Neil Saunders, a mathematician who studies geometric representation theory at City St George’s, University of London and the author of the forthcoming book “AI (r)Evolution” (Chapman and Hall, 2026), told Live Science.

“That most probable answer doesn’t necessarily mean it’s the right answer,” Saunders said.

“We’ve had situations in the past where entire fields of mathematics became basically solvable by computer. It didn’t mean mathematics died.”

Terence Tao, UCLA

AI’s unreliability means it wouldn’t be wise to rely on it to prove theorems in which every step of the proof must be correct, rather than just reasonable.

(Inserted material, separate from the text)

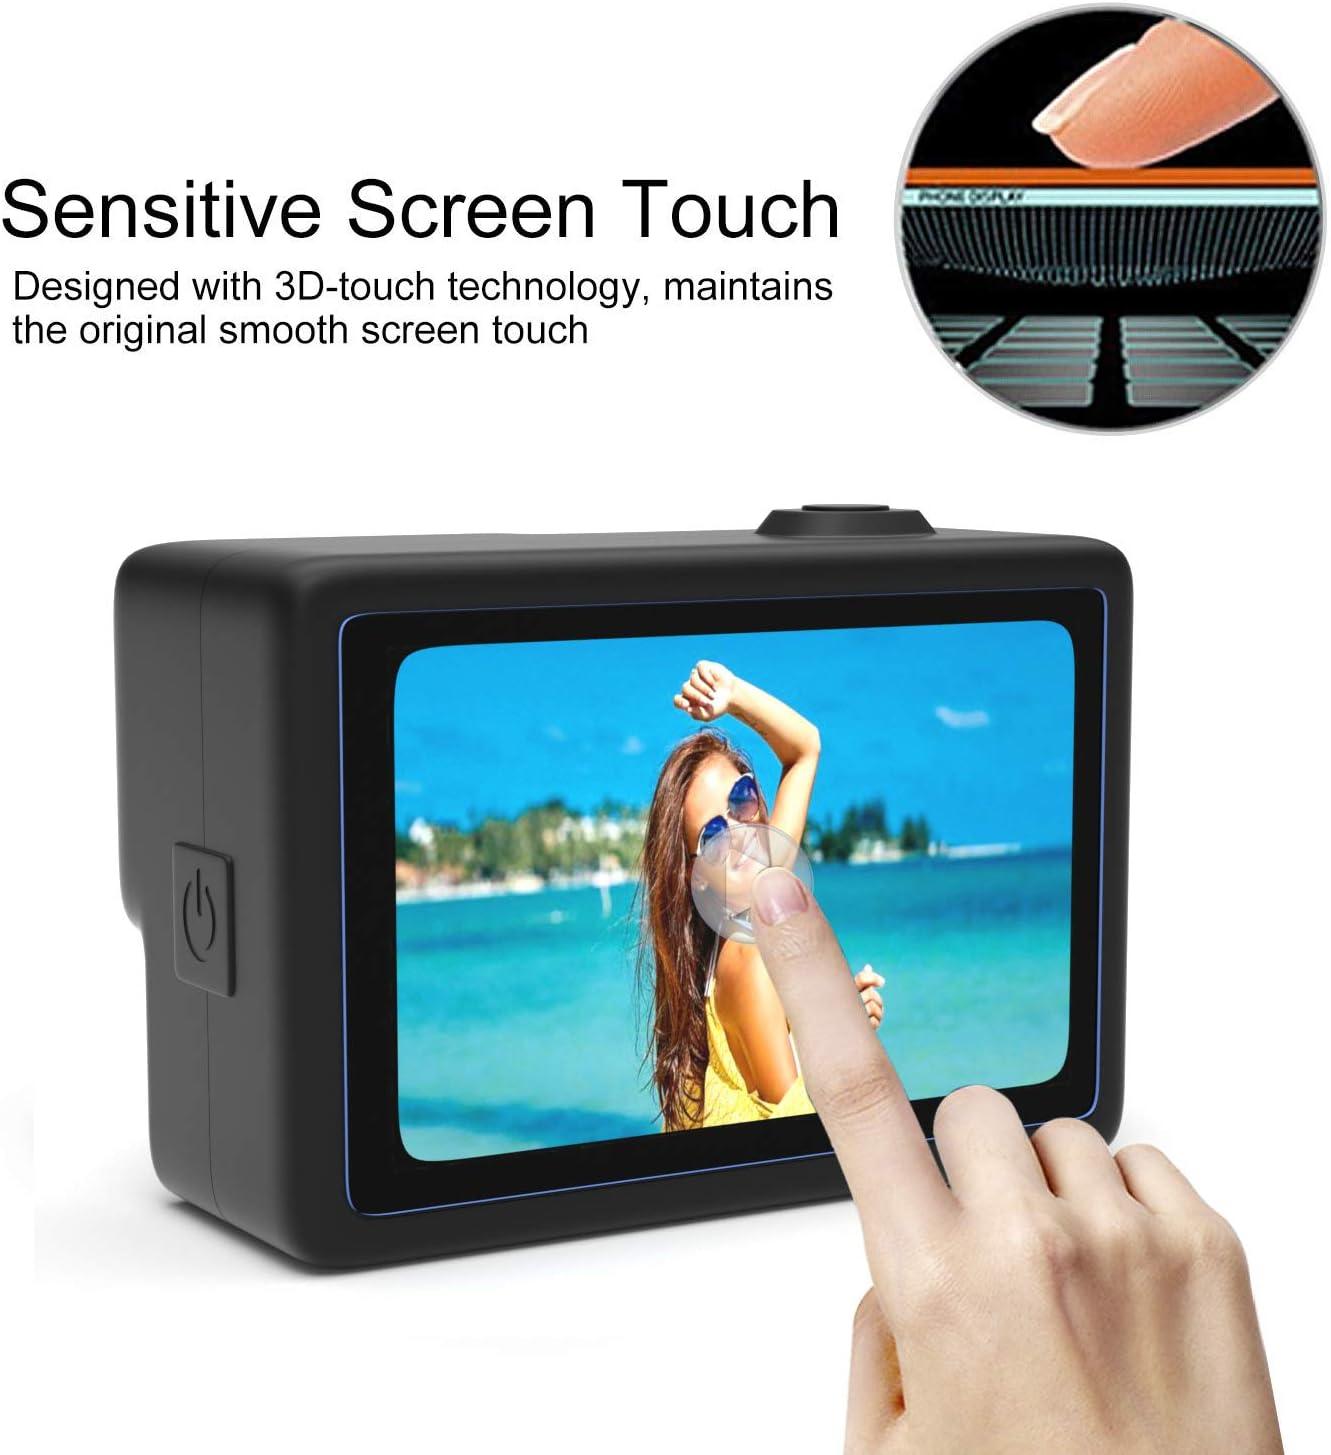 Tempered Glass Lens Protector 【6Pcs】 Screen Protector for GoPro Hero 7 Black//Hero 6//Hero 5// Hero 2018 Hongdak Tempered Glass Screen Protector Small Display Film Accessories for GoPro Camera

“You wouldn’t want to use it in writing a proof, for the same reason you wouldn’t want ChatGPT writing your life insurance contract,” Saunders said.

Despite these potential limitations, Lackenby sees AI’s promise in mathematical hypothesis generation. “So many different areas of mathematics are connected to each other, but spotting new connections is really of interest and this process is a good way of seeing new connections that you couldn’t see before,” he said.

Andrew Granville, a professor of number theory at the University of Montreal, is more circumspect about the future of the field. “My feeling is that it’s very unclear where we’re going,” Granville told Live Science. “What is clear is that things are not going to be the same. What that means in the long term for us depends on our adaptability to new circumstances.”

Lackenby similarly doesn’t think human mathematicians are headed for extinction.

While the precise degree to which AI will infiltrate the subject remains uncertain, he’s convinced that the future of mathematics is intertwined with the rise of AI.

“I think we live in interesting times,” Lackenby said. “I think it’s clear that AI will have an increasing role in mathematics.”